_WHAT TO PRODUCE:_
In this exercise, print only the lines from the line with "AccuNix-實體零售情境" to the last line of the data below, inclusive. Any pictures should be left out.

_DATA SHOWN:_
________________

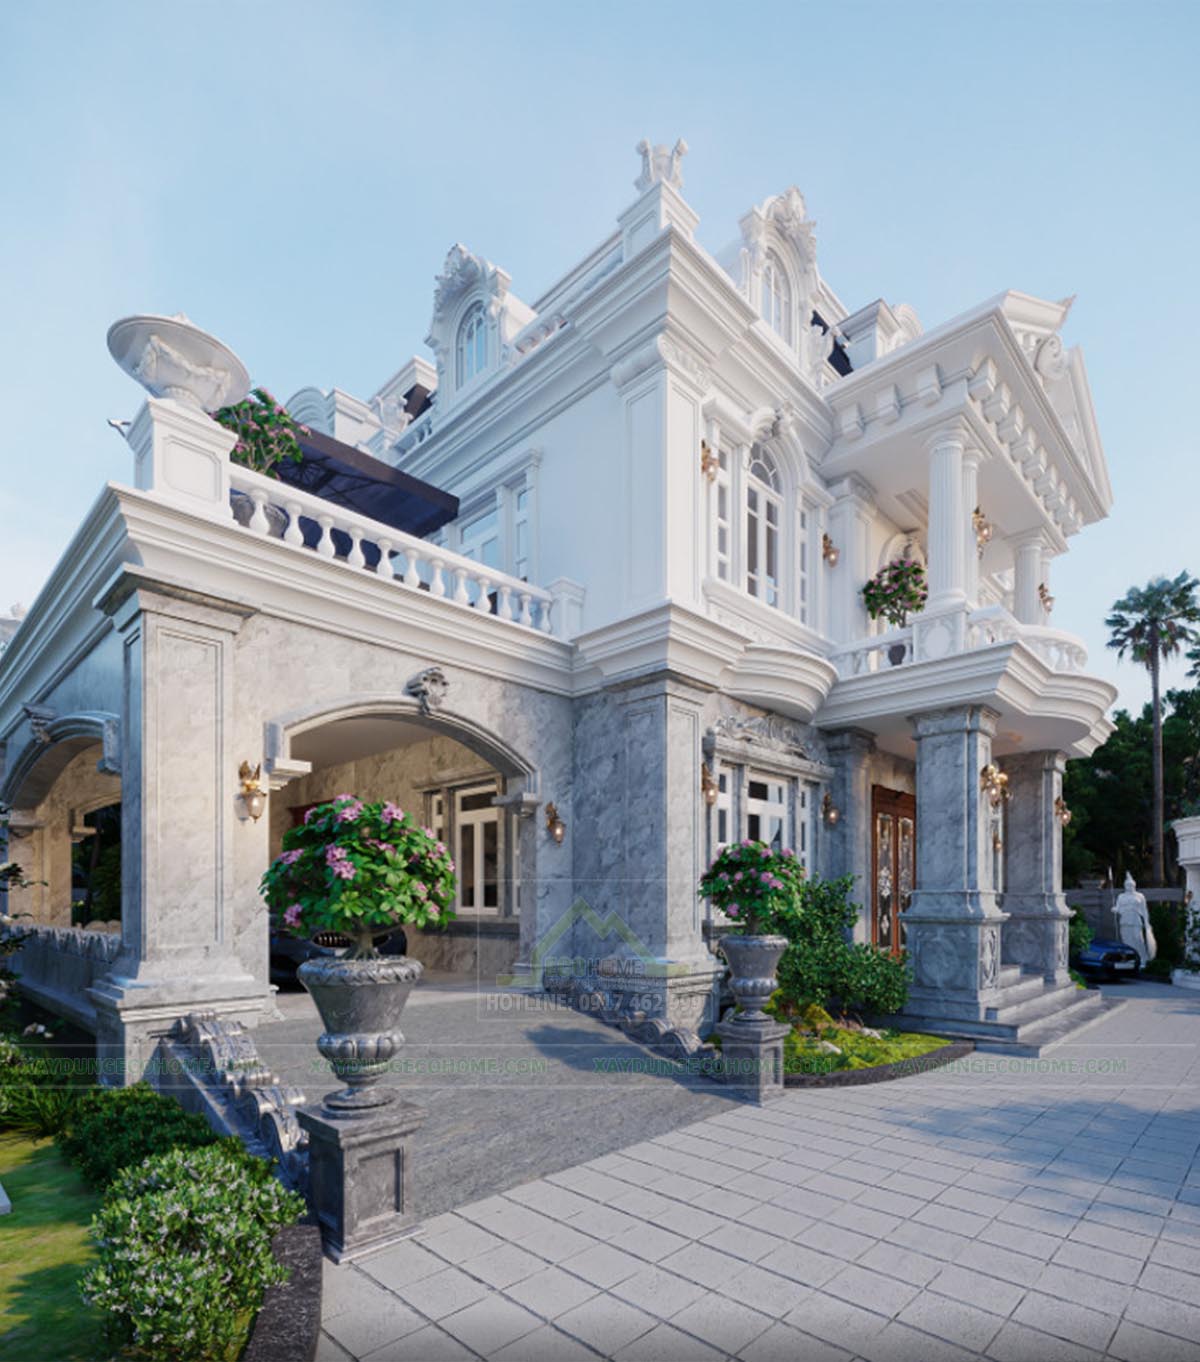 Thiết kế biệt thự tại thành phố Bắc Giang
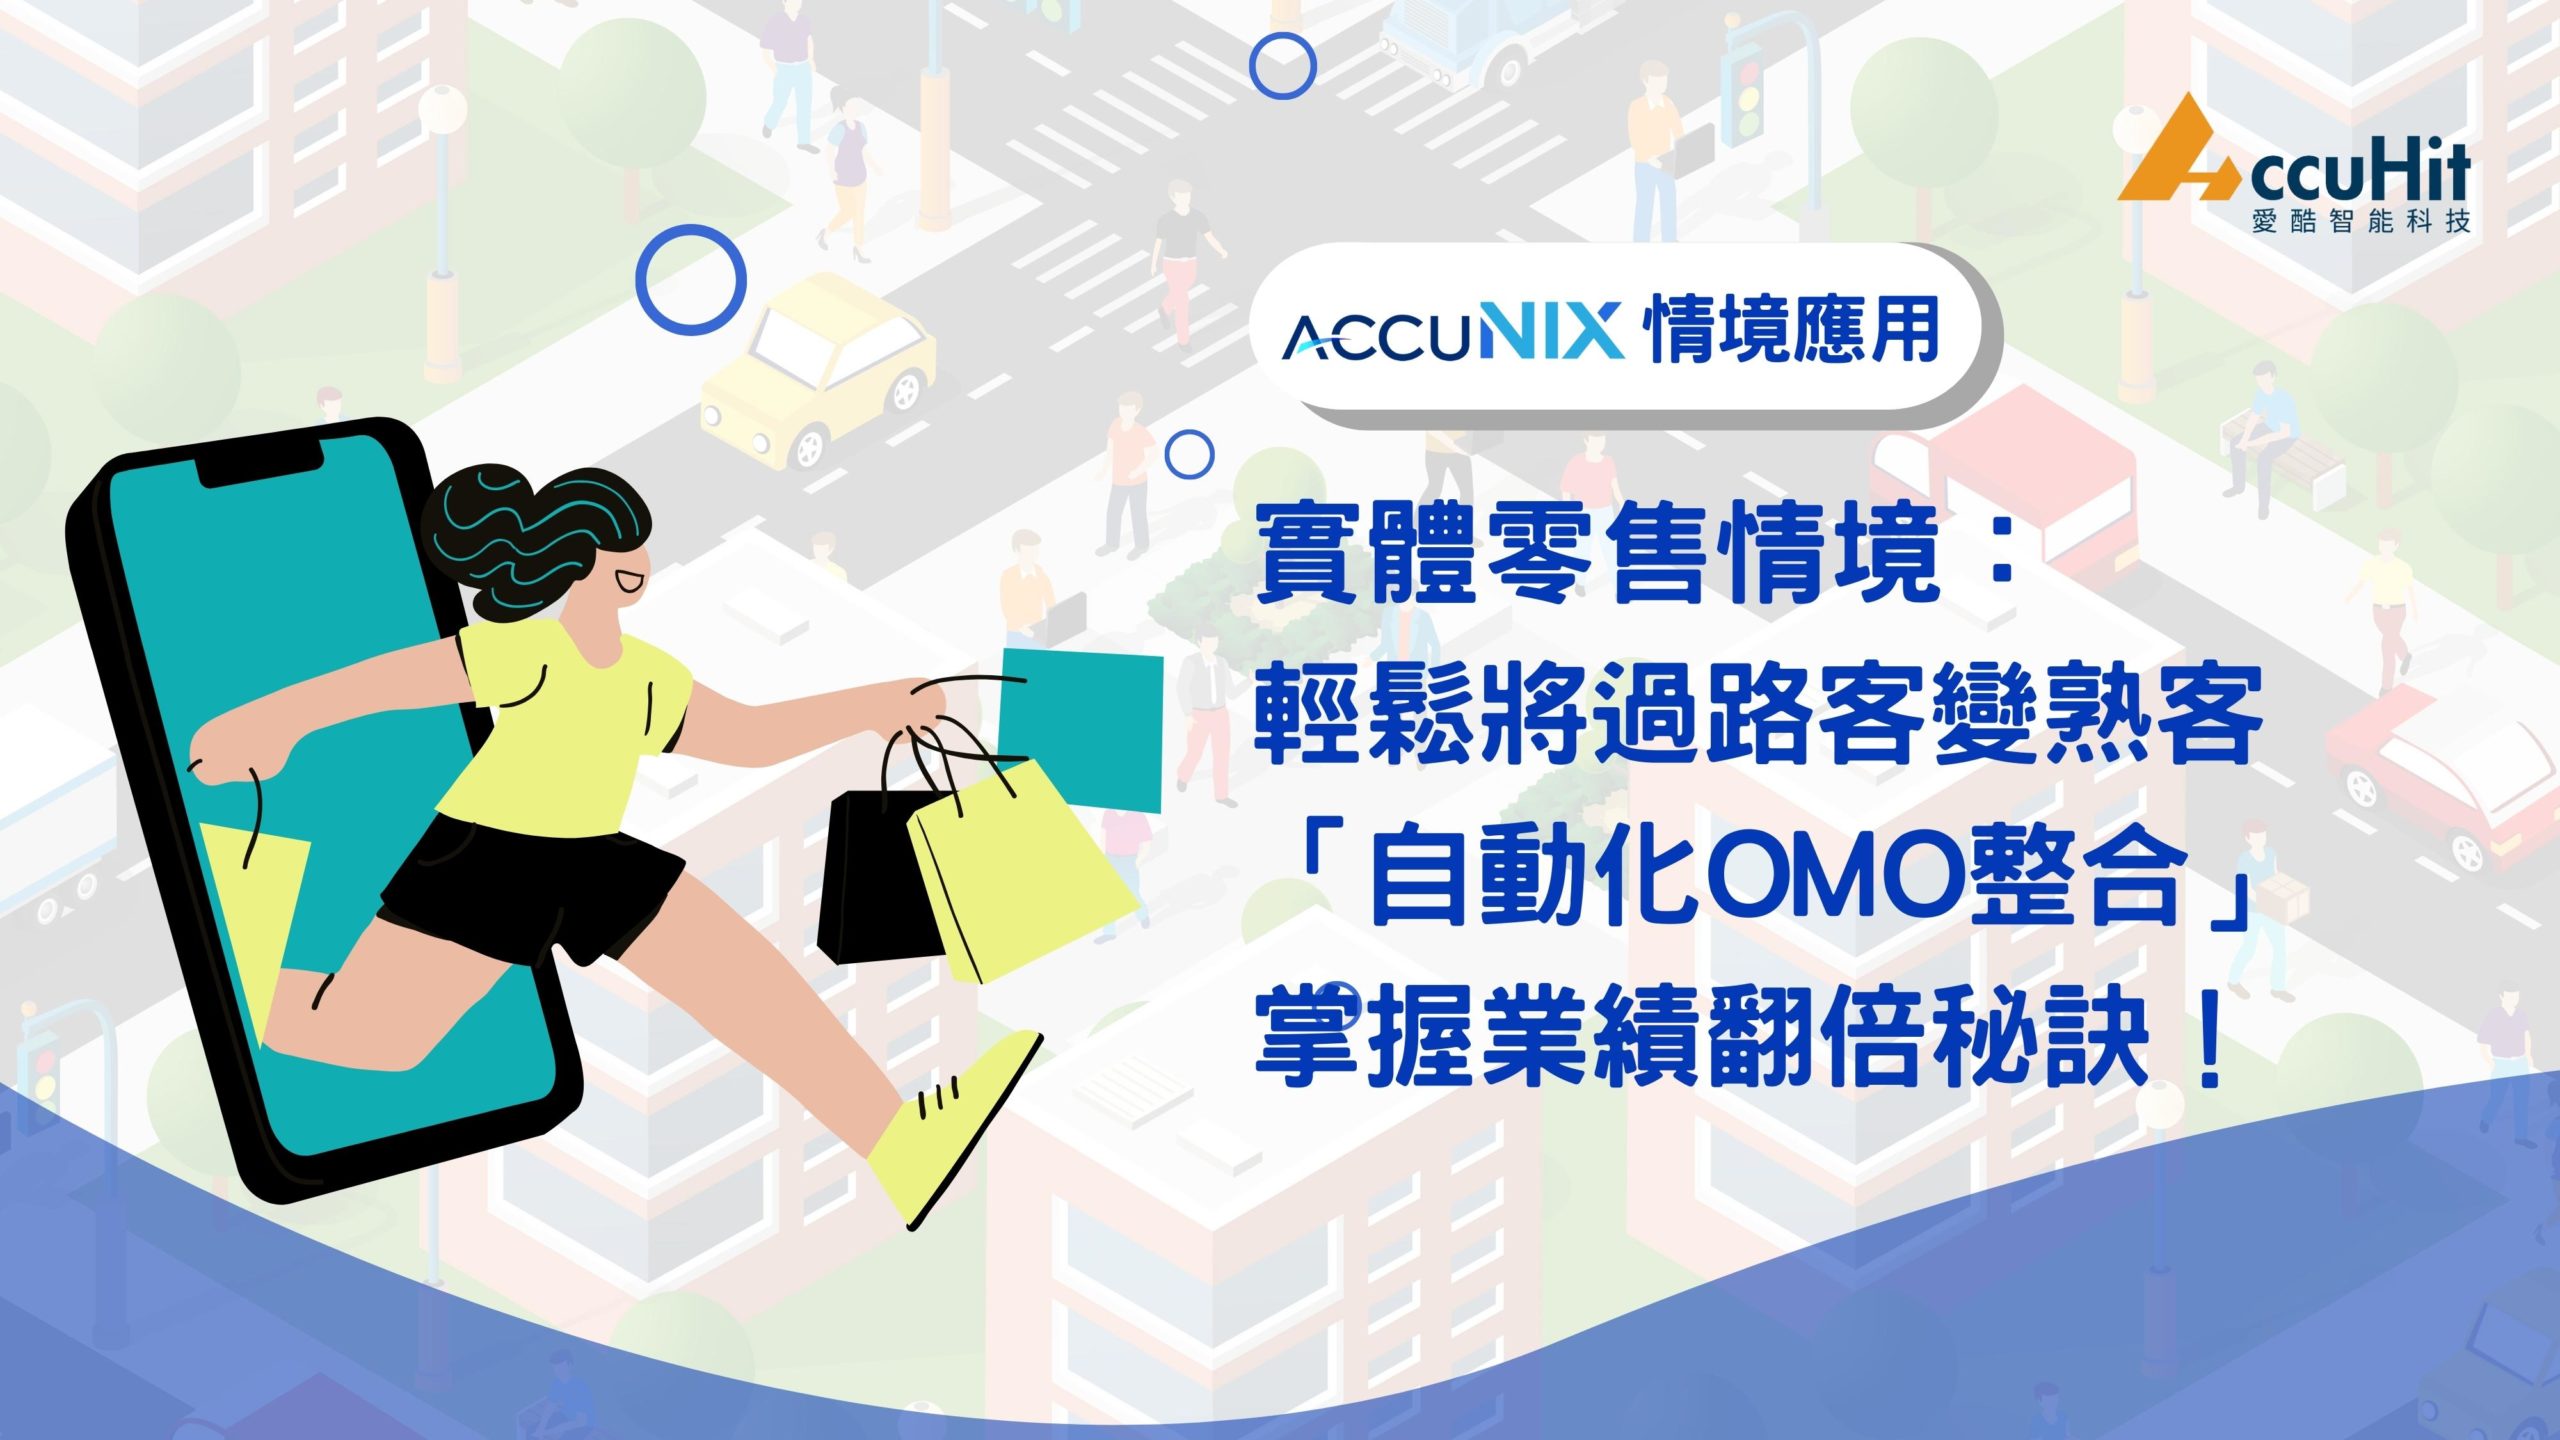 AccuNix-實體零售情境：輕鬆將訪客變熟客「自動化OMO整合再行銷」掌握業績翻倍秘訣，虛實融合全攻略！
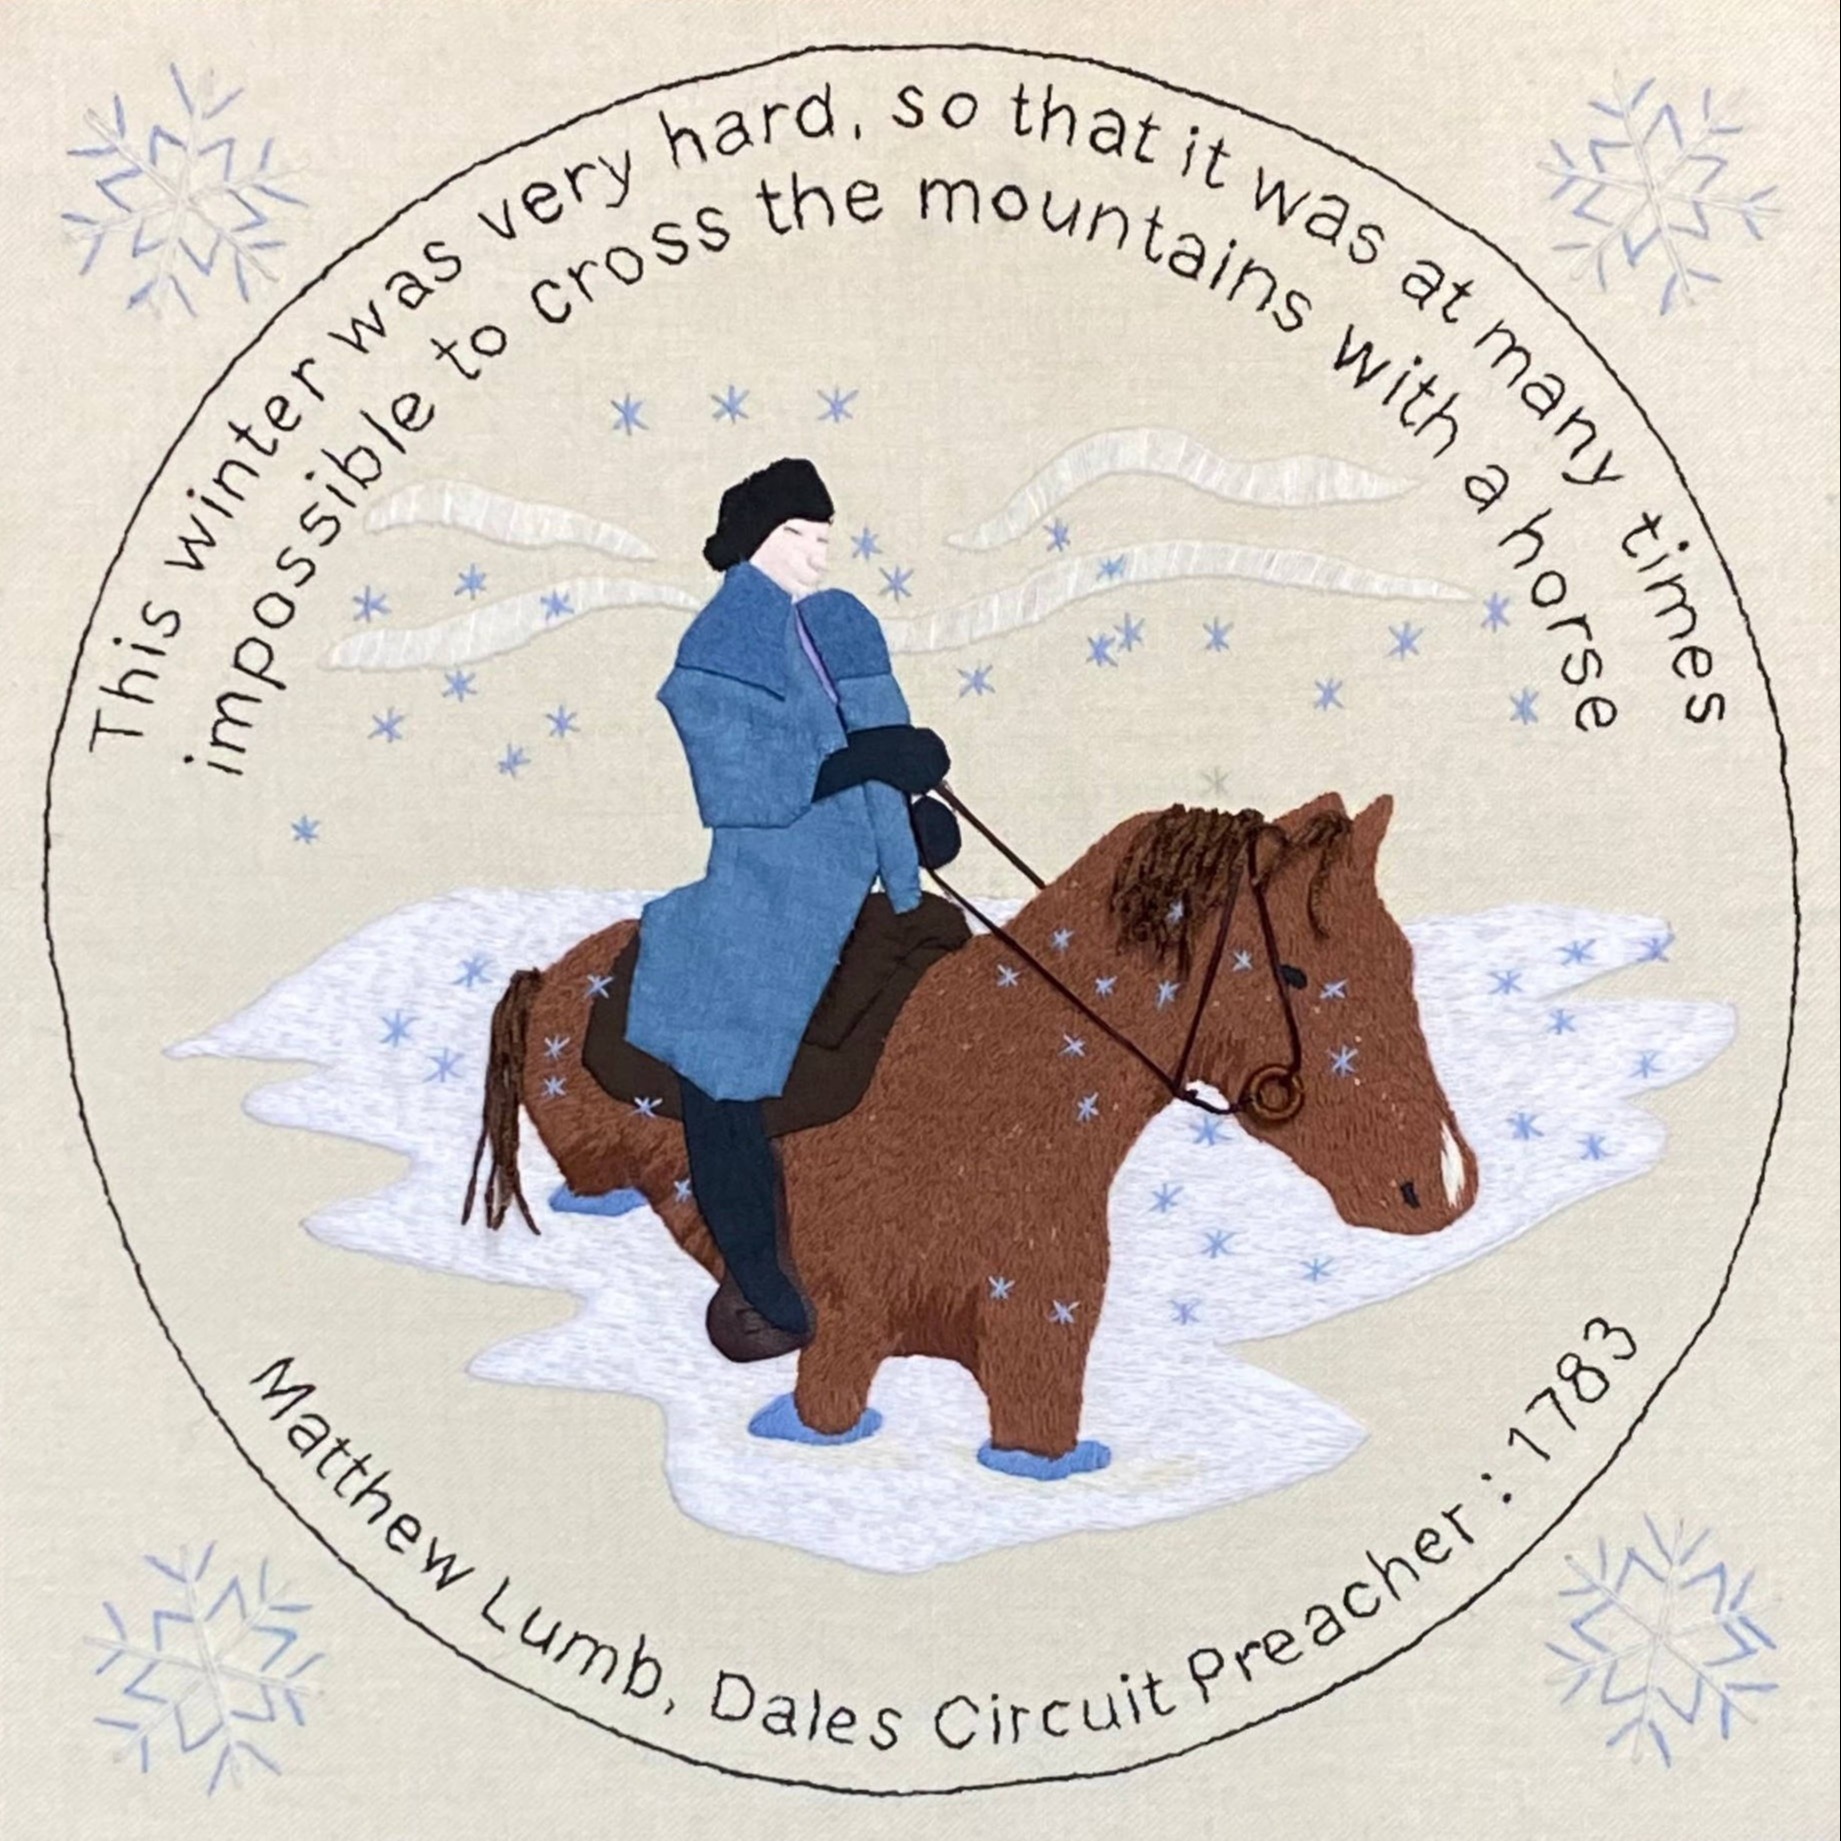 Needlework showing man on horseback travelling through snow

________________

_WRITTEN SOLUTION:_
 AccuNix-實體零售情境：輕鬆將訪客變熟客「自動化OMO整合再行銷」掌握業績翻倍秘訣，虛實融合全攻略！
 Needlework showing man on horseback travelling through snow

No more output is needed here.